Making coal green
To address global warming, we're going to do something that may surprise the save-the-planet camp: burn more fossil fuel less efficiently. Big oil will prosper.
It's official: Global warming is a Republican party issue, too, now that the Bush Administration has acknowledged its gravity. So something will be done. But what? To address global warming, we're going to do something that may surprise many in the save-the-planet camp: burn more fossil fuel less efficiently. Big oil will prosper. So will Saudi Arabia.
Fossil fuels--hydrocarbons--are part hydrogen, part carbon. Both elements burn nicely. Your charcoal barbecue burns pure carbon; the Space Shuttle's main engine burns pure hydrogen. The carbon, which becomes carbon dioxide when you burn it, is what the climate models link to global warming.
Natural gas contains relatively more hydrogen and less carbon; that's why greens like it more than other fossil fuels. Over half of the heat from a methane-gas flame comes from the hydrogen. About 80% of the heat in coal comes from the carbon. Oil is in the middle.

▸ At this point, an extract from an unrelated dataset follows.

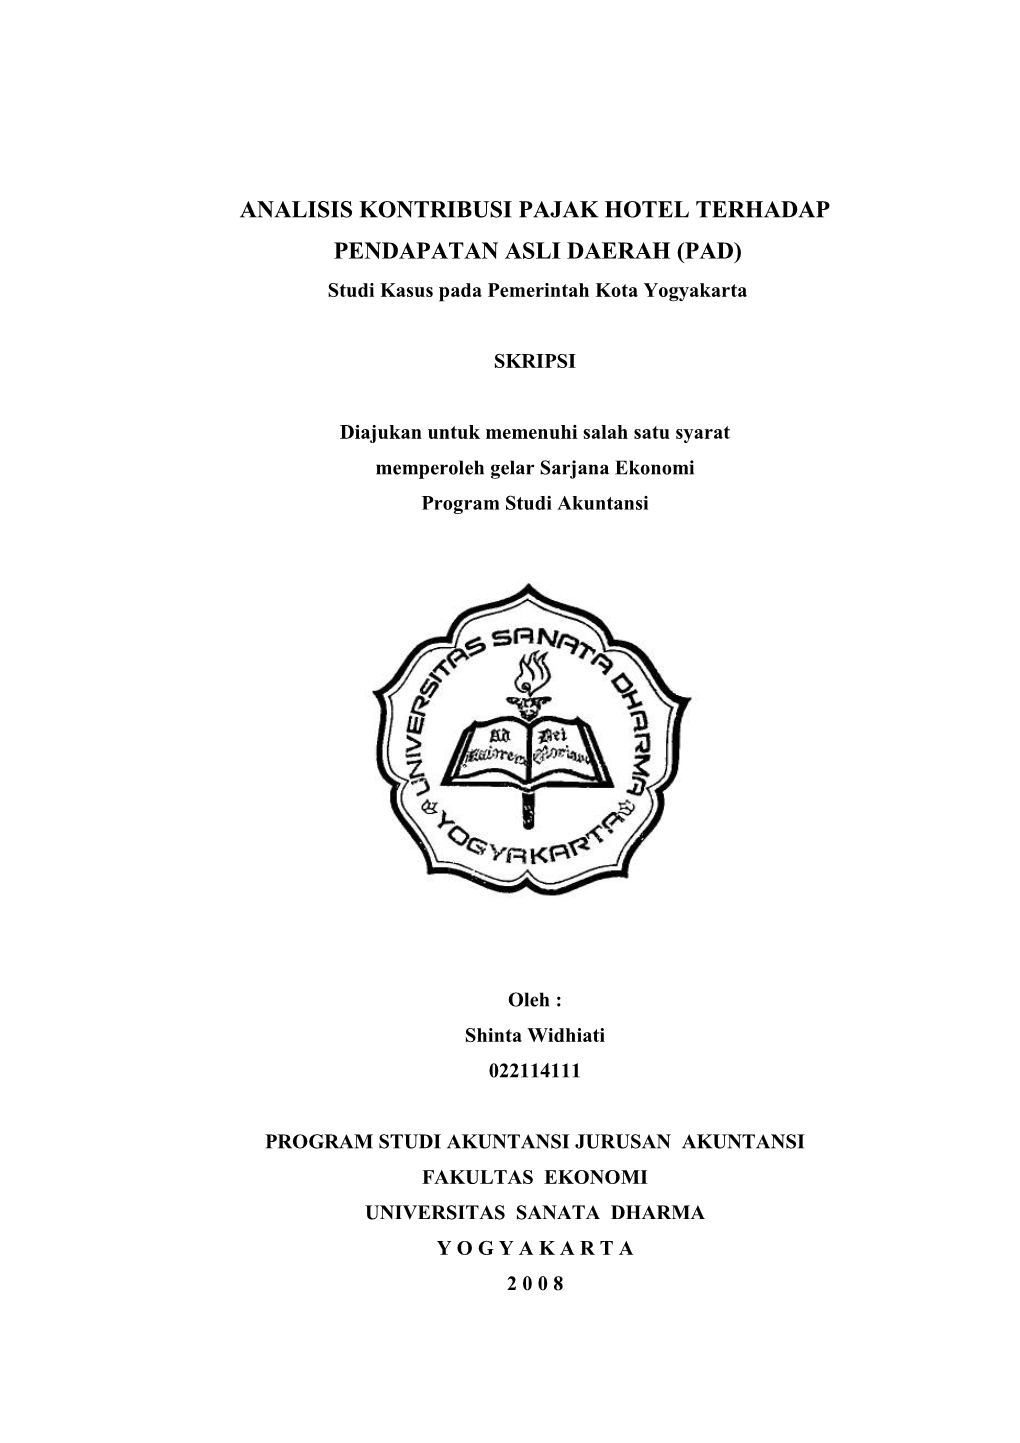 ANALISIS KONTRIBUSI PAJAK HOTEL TERHADAP PENDAPATAN ASLI DAERAH (PAD) Studi Kasus Pada Pemerintah Kota Yogyakarta

One way to burn hydrocarbons without raising carbon dioxide concentrations in the atmosphere is to burn first, then suck the carbon back out of the air--by growing new trees, for example, or by seeding the oceans with iron to promote massive new growth of algae. If things go right, the new green plants will get buried, and in the fullness of geological time, turn into new coal--call it recycling. This is the cheapest approach and the greenest, too, but it doesn't curb energy consumption. And, if the truth be told, many environmental activists are as determined to curb energy consumption as such as they are to curb carbon emissions.
A second option is to strip the carbon from the fuel before you burn it. Most fuel cells depend on "reformers" that do just that. Most current reformers dump the stripped-out carbon into the air as carbon dioxide, but other processes leave the carbon behind as a solid residue. That takes care of carbon emissions all right--roughly speaking, such a fuel cell starts with methane, extracts the hydrogen and then returns coal to the ground. But this also costs about 50% of the heating value of the original gaseous fuel.
We might eventually displace some coal when we find an economical way to liquefy natural gas; making it easier to transport. But it won't be a lot of coal, and the carbon reductions would be modest in any event. Every other alternative on the low-carbon diet plan entails a significant energy overhead, too. Scrubbing huge amounts of carbon dioxide out of smokestacks and tailpipes isn't easy and can't be done without sharply reducing efficiency. We already pay significant efficiency overhead for the scrubbers that remove comparatively tiny amounts of sulfur dioxide from coal plant smokestacks and for the catalytic converters that remove comparatively tiny amounts of nitrogen oxide pollutants from tailpipes.
The long-term hope for many greens is that we can get beyond hydrocarbons and burn just the first half of those compound fuels, the hydrogen. Hydrogen is abundant, they remind us; it's part of water. But water is what you end up with after you burn the hydrogen in the hydrocarbon-steam goes out the tailpipe and up the smokestack, alongside the carbon dioxide.
To turn water back into hydrogen fuel again, you have to unburn it--you have to pump energy back into the water, usually in the form of electricity. The greens know this but hope that the electricity will be solar. Perhaps someday, but anyone who does the numbers knows that it won't be anytime soon-solar isn't close to cost-competitive yet, and the panels require ridiculous amounts of real estate. Coal-fired or gas-fired electricity won't do either--that would defeat the whole carbon-reduction objective. Nuclear power plants could be used, but if there's one element that most greens hate even more than carbon, it's uranium.
So it is more or less inevitable that we will indeed burn hydrogen, the most pristine of all fuels, just as they hope. And we will accept that the only readily available supplies of hydrogen in unburnt form are in gas, oil and coal. The policy will be to burn more fossil fuel, less efficiently--to extract a lot less heat out of the same amount of fuel. Even as manufacturers struggle to design new car engines that go farther on the same amount of heat. We will raise efficiency at every stage of the energy pipeline except at the source, where we will reduce it, drastically, far more than we can raise it in any of the tiers above. This may perhaps save the ice caps. It certainly won't ruin the oil companies.